Est-ce que l’enfant de l’immigration, sans emploi dans sa banlieue, et le fils de famille qui fait ses études à Harvard peuvent entendre le même récit ? Oui. Même si c’est à des places différentes, ils font partie de la même communauté et ils ont besoin de s’y situer. Le jeune beur a besoin de savoir pourquoi il est là et dans quoi il est embarqué. La preuve, il en parle. Même la haine est un sentiment intégrateur. Dire que ceux qui n’aiment pas la France doivent la quitter n’est pas très pertinent. Ils sont dedans, puisqu’ils s’en font une idée.
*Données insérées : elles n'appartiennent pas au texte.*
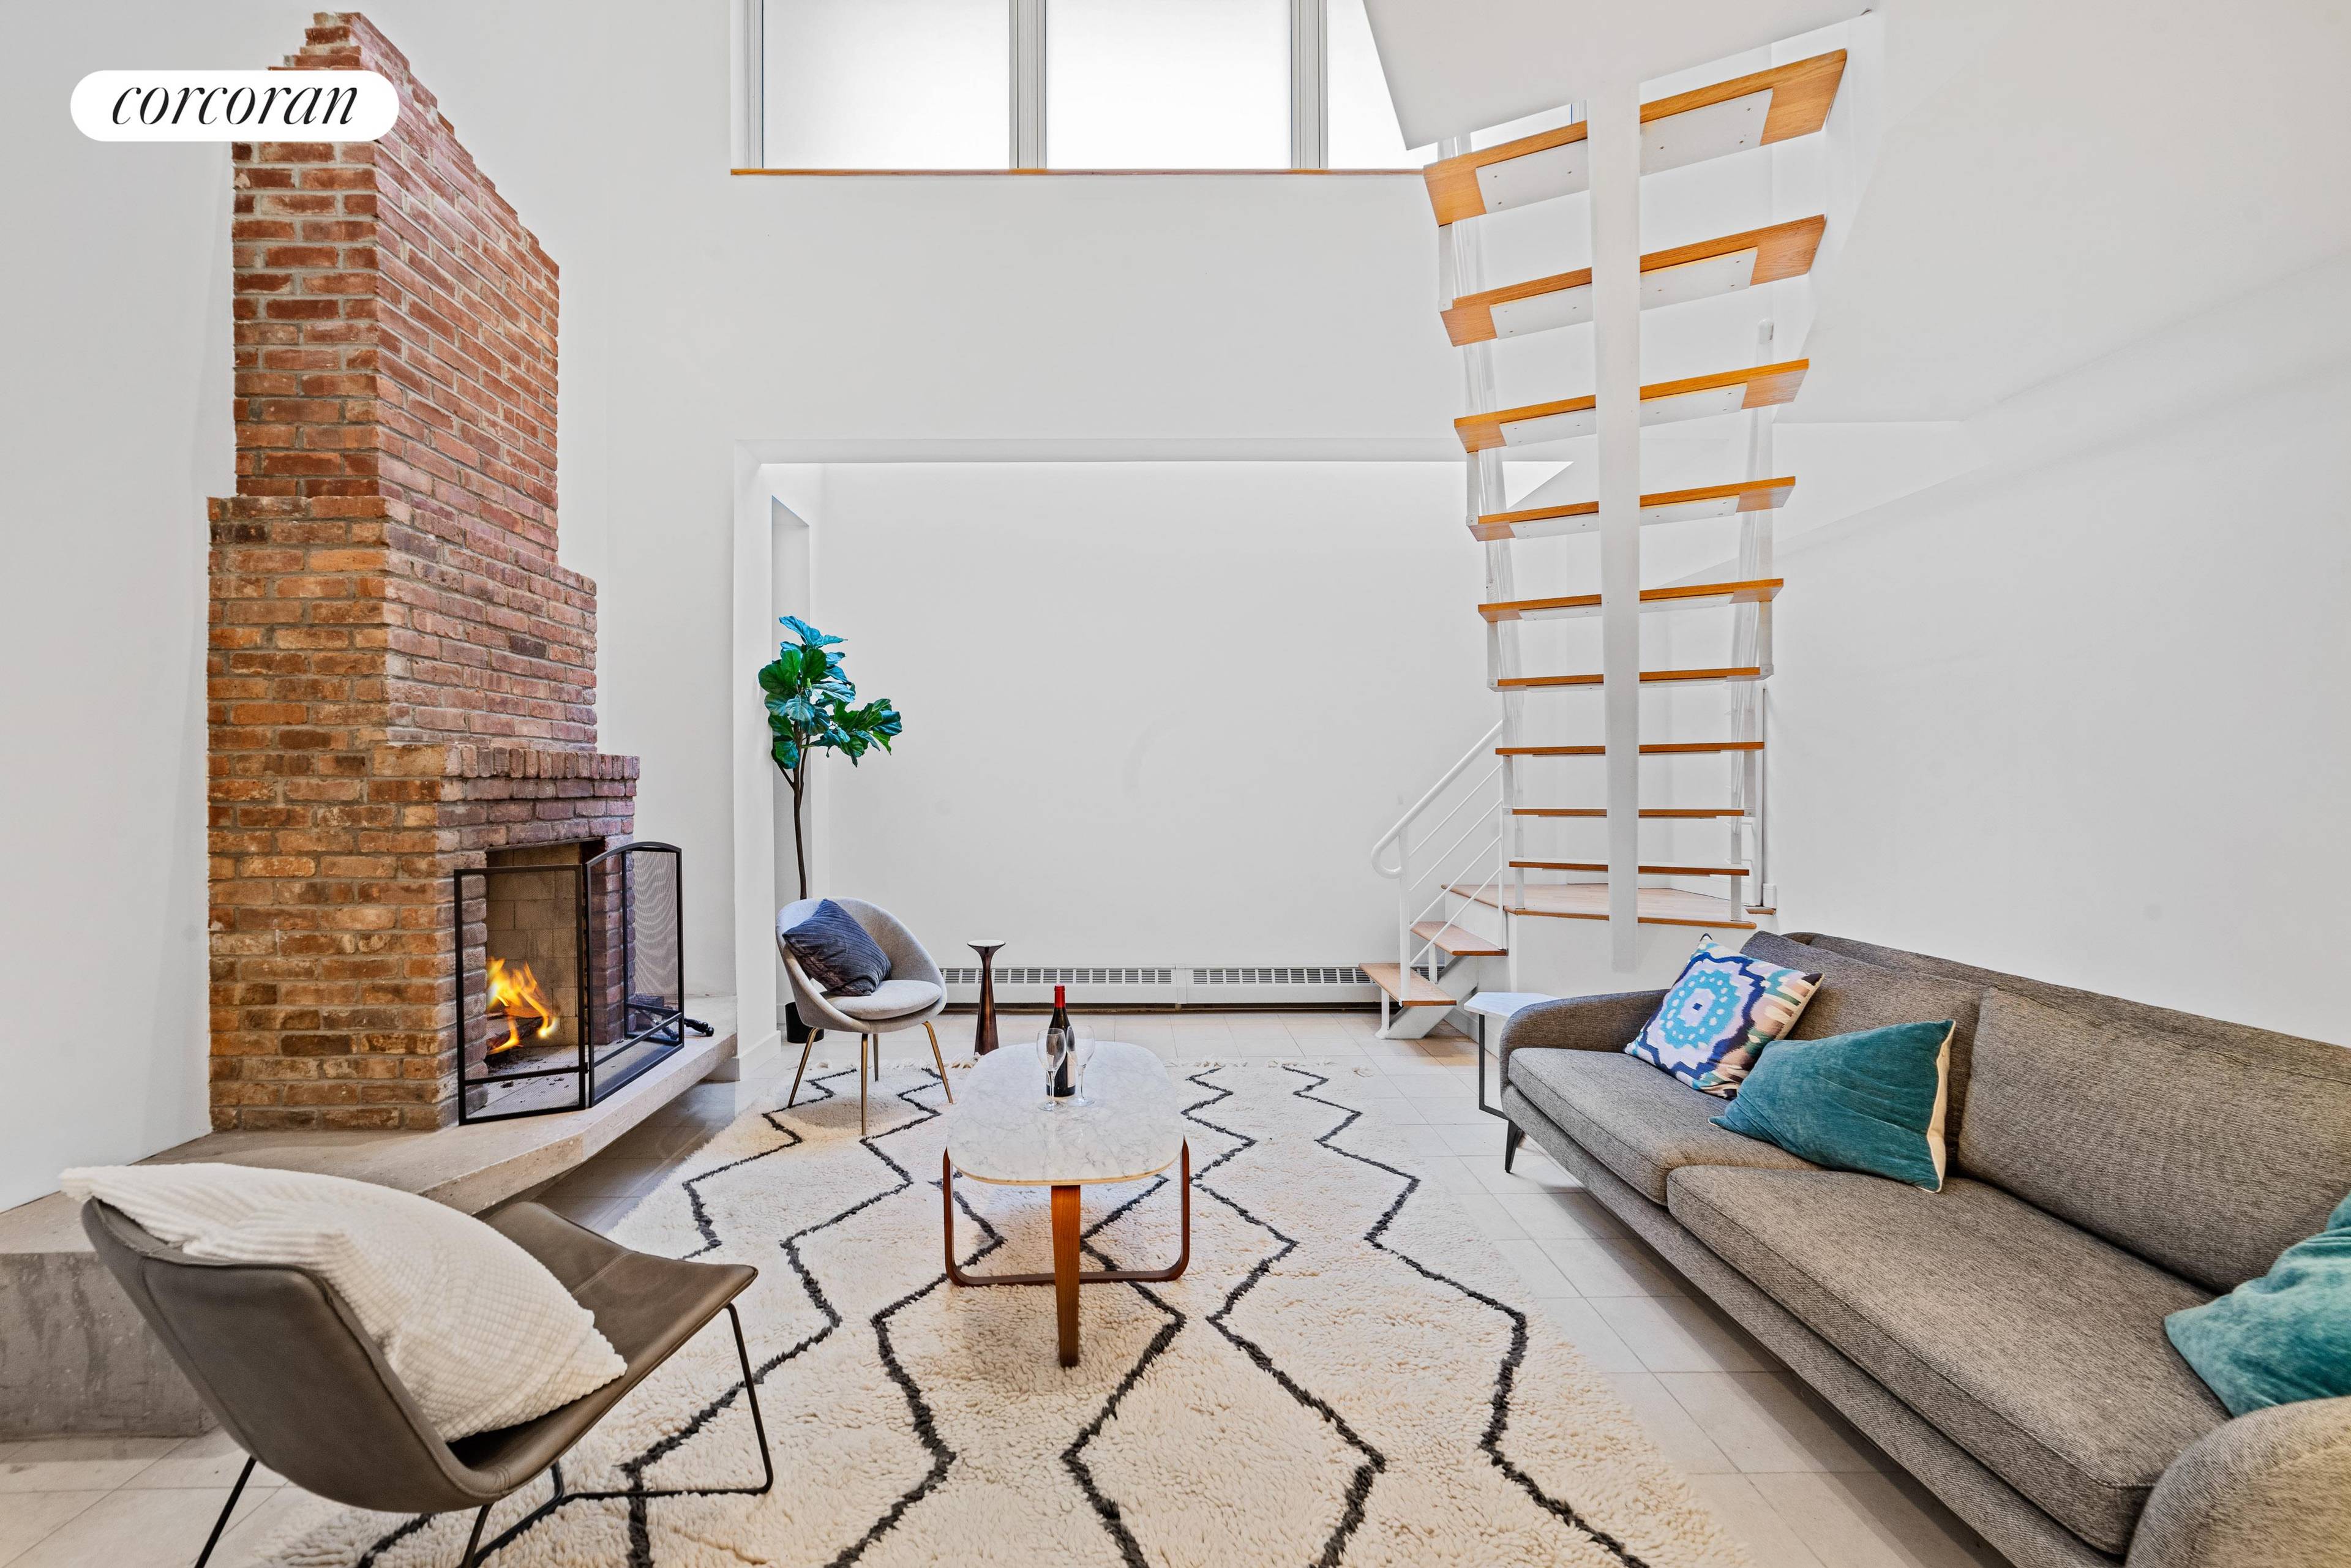 Townhouse high style living in an enormous duplex garden apartment in the heart of Boerum Hill.

A l’homme politique d’en proposer une meilleure.
Que manque-t-il à Sarkozy et Royal pour trouver les mots ?
Peut-être ont-ils tout simplement une foi excessive dans les ressources de la communication. Cette campagne s’annonce comme celle du combat de l’image contre la réalité. Ou bien Nicolas Sarkozy et Ségolène Royal réussiront à maintenir le duel sur le terrain de l’image, voire carrément du symbole dans le cas de Royal, ou bien leur image sera mangée par la réalité de ce qu’ils sont et de ce qu’ils représentent.
Sur le terrain de la sécurité, Sarkozy combat le Front national. Le ministre de l’intérieur peut-il rallier les voix de l’extrême droite ?
L’électorat de Le Pen est protestataire, donc très volatile. Il est difficile de faire des prévisions. Il ne faut pas oublier que presque un Français sur deux a déjà voté Le Pen à une élection ou une autre. En principe, la protestation ne se laisse pas intégrer aisément dans le système.
Le Pen peut-il progresser ?
C’est l’une des grandes inconnues. Il s’est assagi avec l’âge, il a l’air d’un grand-père débonnaire, sa fille est plus présentable que les nervis habituels. Ses adversaires en sont arrivés à reconnaitre que des choses qui les faisaient hurler dès qu’il parlait correspondent à des réalités.
Au FN, on essaie désormais de promouvoir la « figure gaullienne » de Le Pen. Ce renversement historique a-t-il un sens ?
Non. Aucun. Même les adhérents du FN savent très bien que Le Pen n’a aucune réponse aux problèmes qu’il soulève. Ils n’en attendent pas le salut de la patrie ! De Gaulle était l’homme des solutions, Le Pen n’est que celui des questions.
Propos recueillis par Christophe Deloire.